The American on the left bank scorns not only work itself but also enterprises in which work is necessary to success; living in idle ease, he has the tastes of idle men; money has lost some of its value in his eyes; he is less interested in wealth than in excitement and pleasure and expends in that direction the energy which his neighbor puts to other use; he is passionately fond of hunting and war; he enjoys all the most strenuous forms of bodily exercise; he is accustomed to the use of weapons and from childhood has been ready to risk his life in single combat. Slavery therefore not only prevents the white men from making their fortunes but even diverts them from wishing to do so.

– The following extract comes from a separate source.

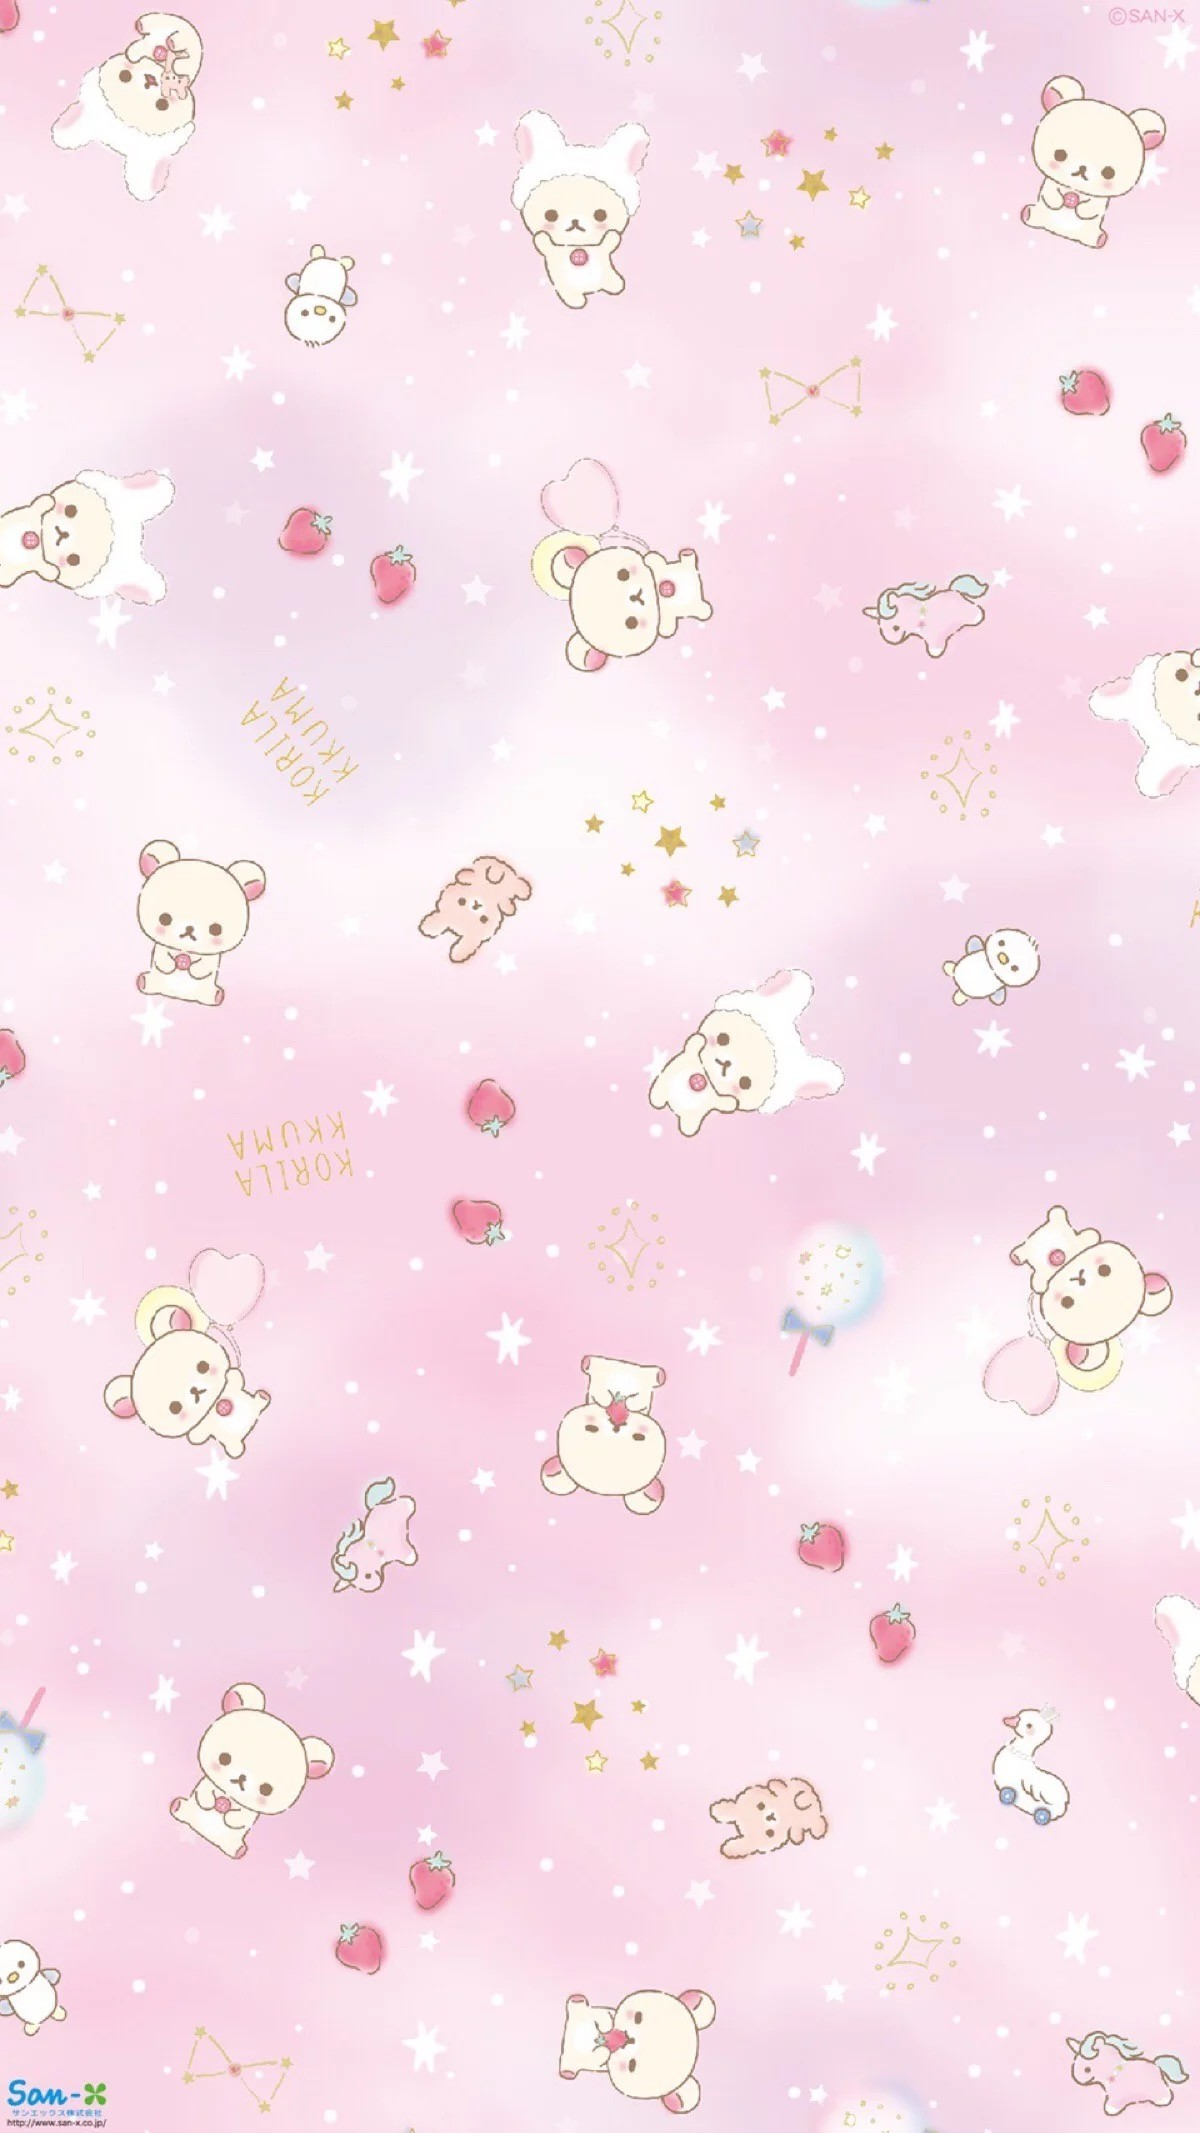 Cute Christmas Kitten Wallpaper Kawaii Strawberry Wallpaper 60 Images

The constant operation of these opposite influences throughout two centuries in the English North American colonies has in the end brought about a vast difference in the commercial capabilities of southerners and northerners. Today the North alone has ships, manufactures, railways, and canals.

{/unQuote}

(Alexis de Tocqueville, Democracy in America, originally in 2 volumes, published 1835 & 1840)

jaydub म्हणाले...

Well reasoned and well said. Bonus points for correctly using "foundering," which describes a ship having its gunnels awash, i.e. on the precipice of sinking, instead of the incorrect "floundering."

Anthony म्हणाले...

The Progressive view is that voters are irrelevant. Or should be. Probably are at this point.

Hassayamper म्हणाले...

Reagan was just following what the psych profession had pronounced to be the new standard of care before he ever took office. Deinstitutionalization was a reformist initiative that began under JFK, following some highly publicized scandals that took place in insane asylums, and was widely applauded by all bien-pensant leftists.

Of course, that did nothing to stop the leftists from using the policy as a club to smack Reagan a couple of decades later, when its failures were obvious.

Hassayamper म्हणाले...

In addition to Tocqueville's "Democracy in America", which everyone should read, I very much enjoyed "Tocqueville in America" by historian George Wilson Pierson, a detailed description of his nine-month journey in our country during the Jackson administration.

Michael McNeil म्हणाले...

There's also Alexis de Tocqueville's very interesting travel diary, published as Journey to America—translated by George Lawrence, edited by J.P. Mayer—A Doubleday Anchor Book, Doubleday & Co., 1971. I particularly enjoyed the chapter at the end, “A Fortnight in the Wilds,” concerning Tocqueville's two-week excursion into the remote back-country of lower Michigan, beyond the then-limit of settlement.